### Task requirements
Reproduce the whole listing exactly and let no picture into the copy.
-- Input data follows --
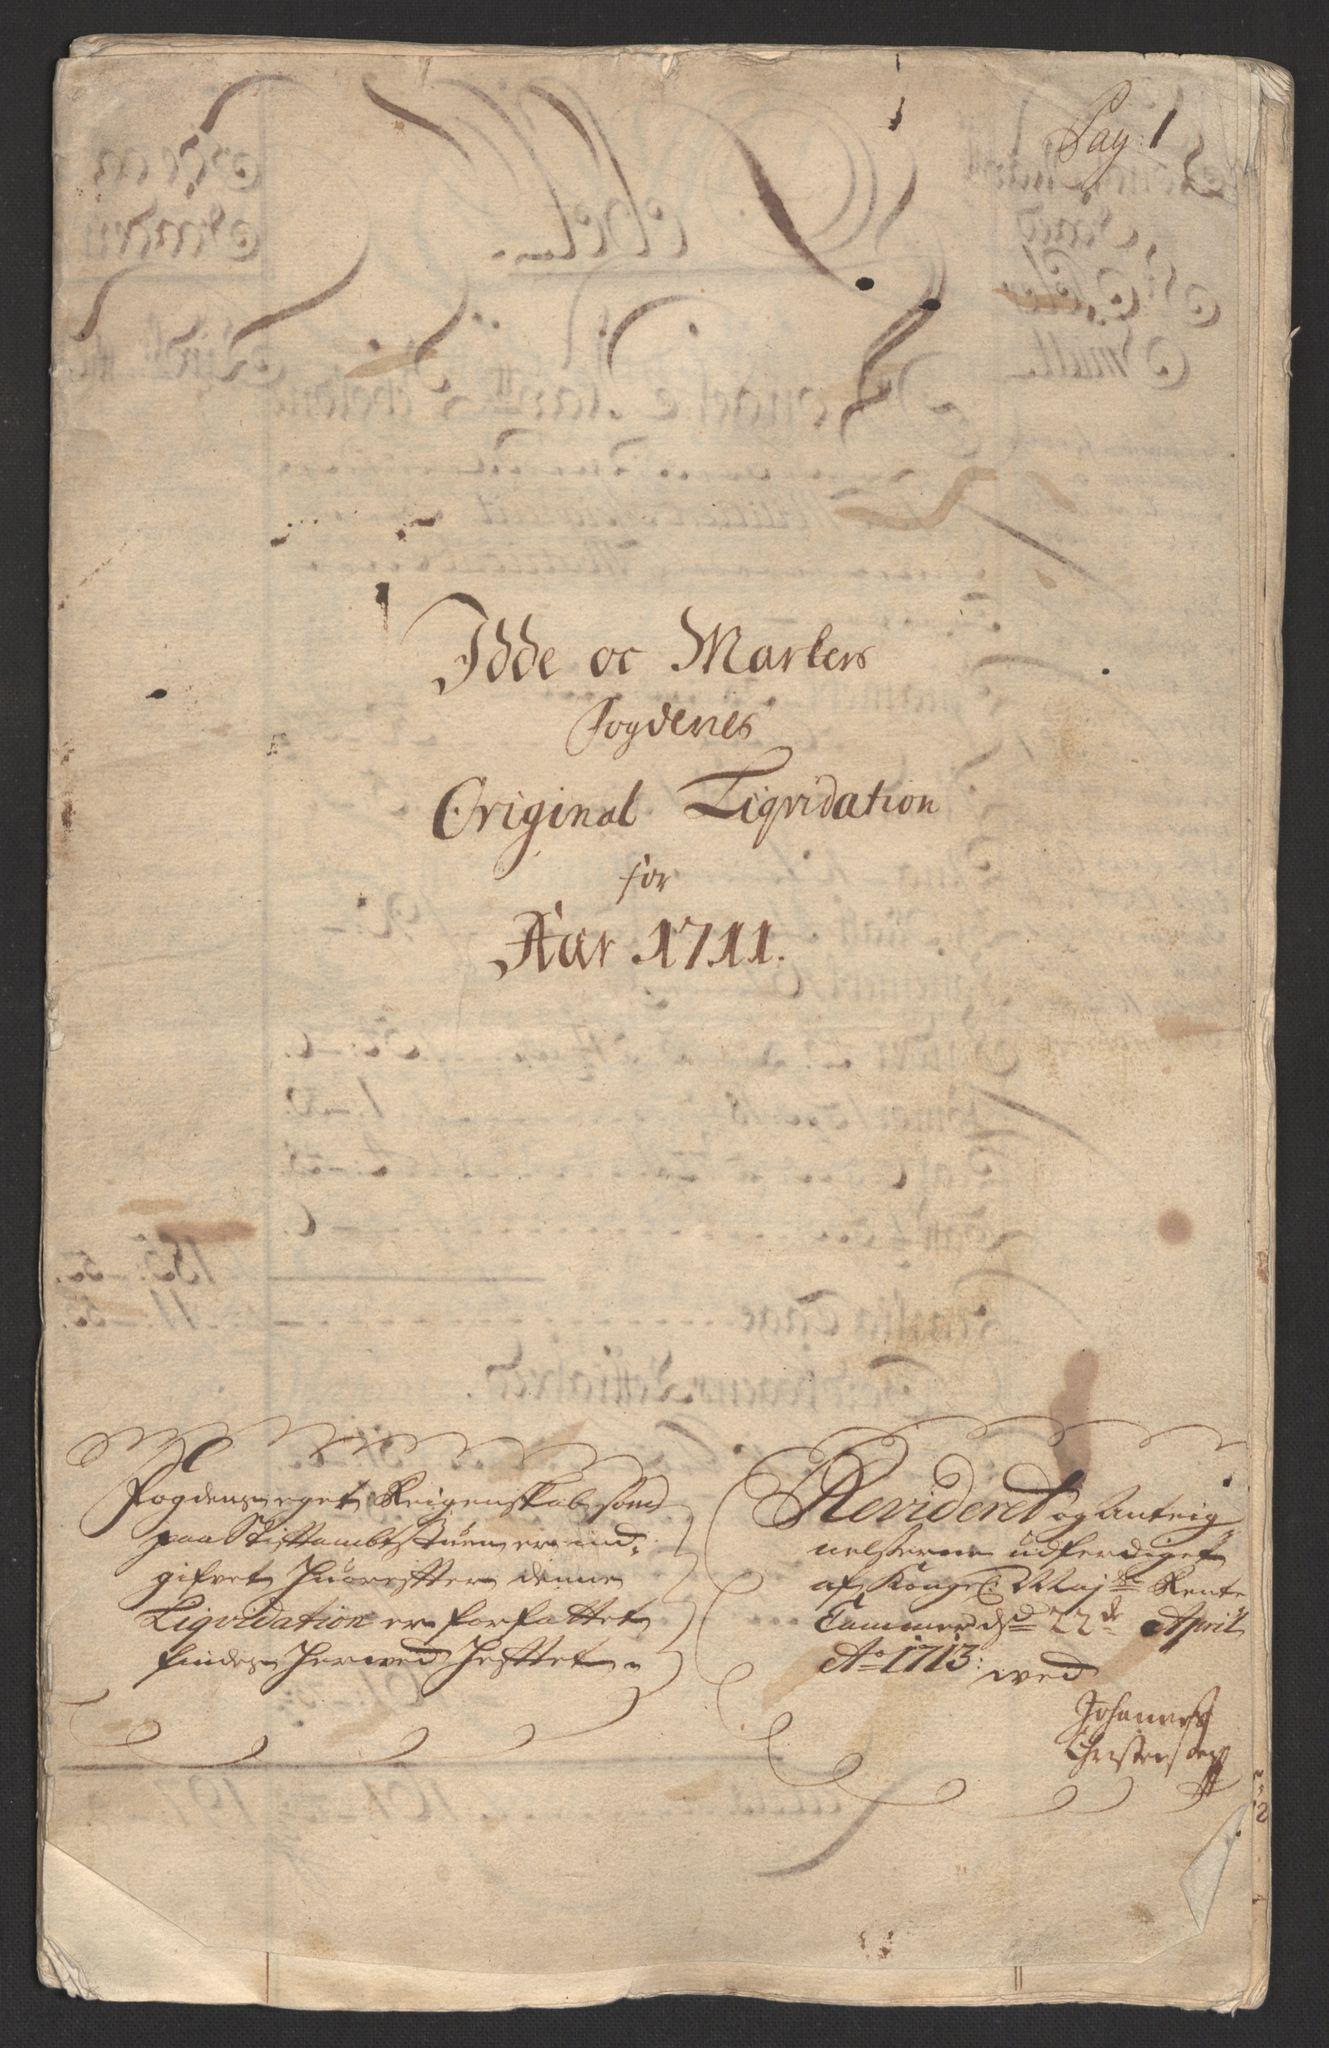 RA, Rentekammeret inntil 1814, Reviderte regnskaper, Fogderegnskap, R01/L0020: Fogderegnskap Idd og Marker, 1711, s. 3
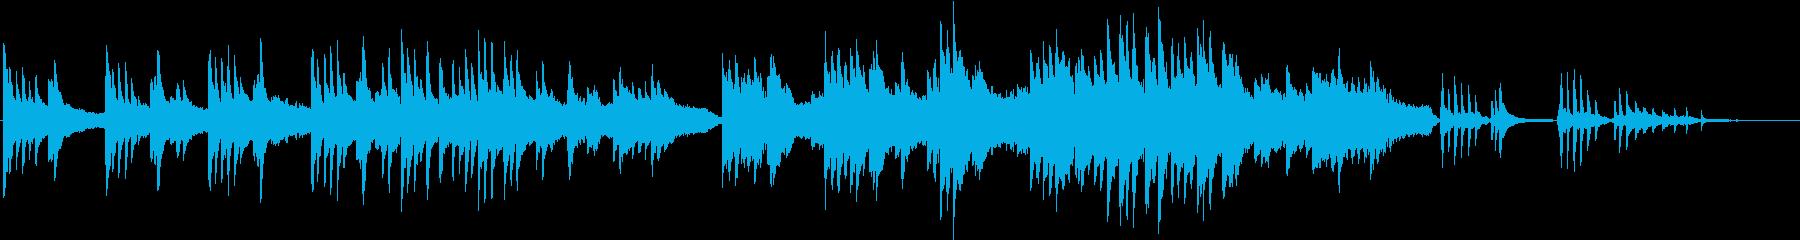 ピアノ、琴、ストリングスの和風バラードの再生済みの波形
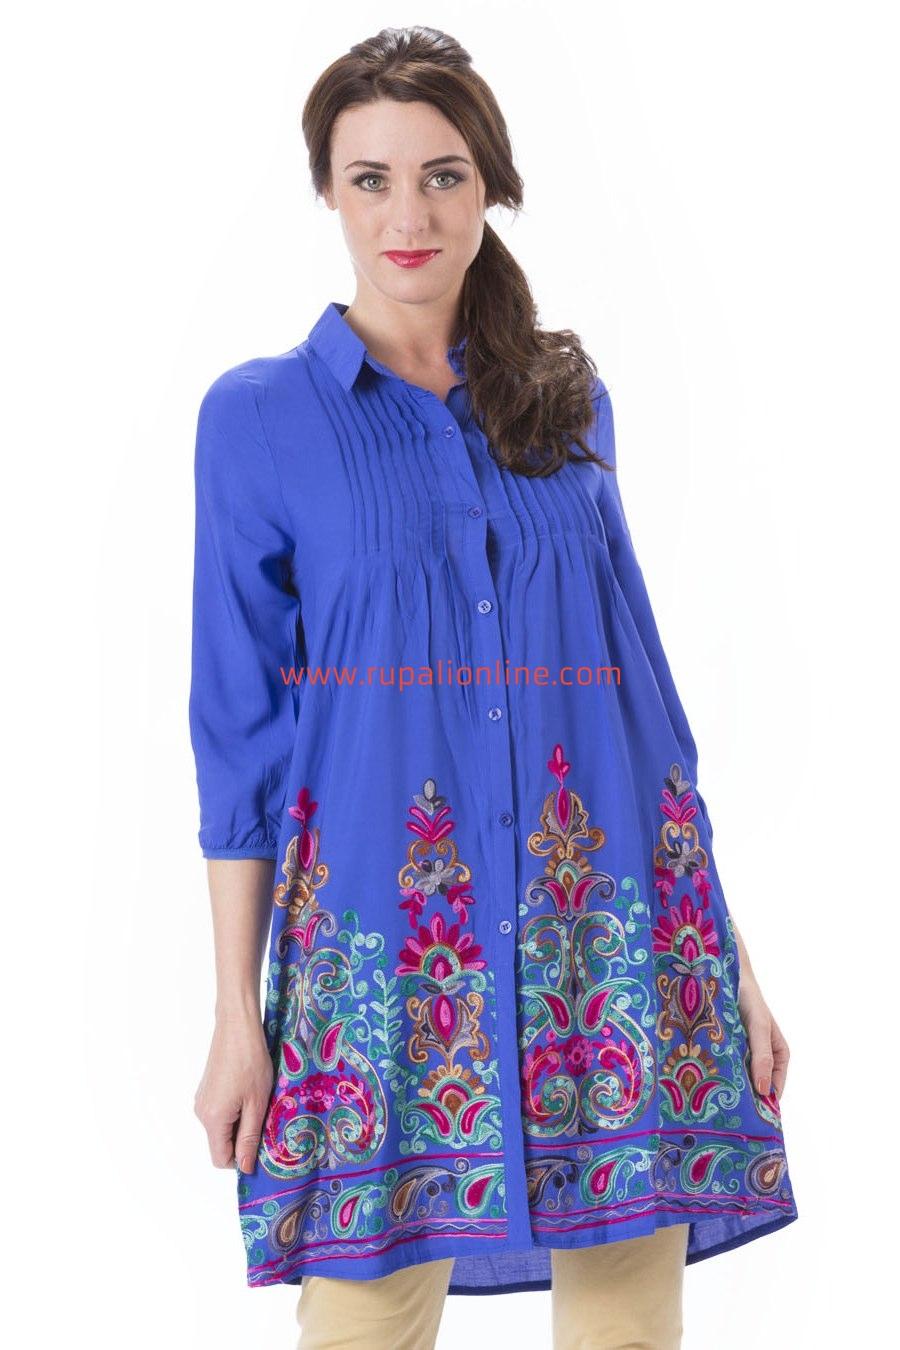 516e94a421e Buy Kaftans like embroidered kaftan, womens kaftans, Arabic kaftan,  designer kaftan, camilla kaftan, silk kaftan, kaftan online, kaftan tops,at  rupalionline
-- Input data concluded --
### Output of the task
 RA, Rentekammeret inntil 1814, Reviderte regnskaper, Fogderegnskap, R01/L0020: Fogderegnskap Idd og Marker, 1711, s. 3
 ピアノ、琴、ストリングスの和風バラードの再生済みの波形
 516e94a421e Buy Kaftans like embroidered kaftan, womens kaftans, Arabic kaftan,  designer kaftan, camilla kaftan, silk kaftan, kaftan online, kaftan tops,at  rupalionline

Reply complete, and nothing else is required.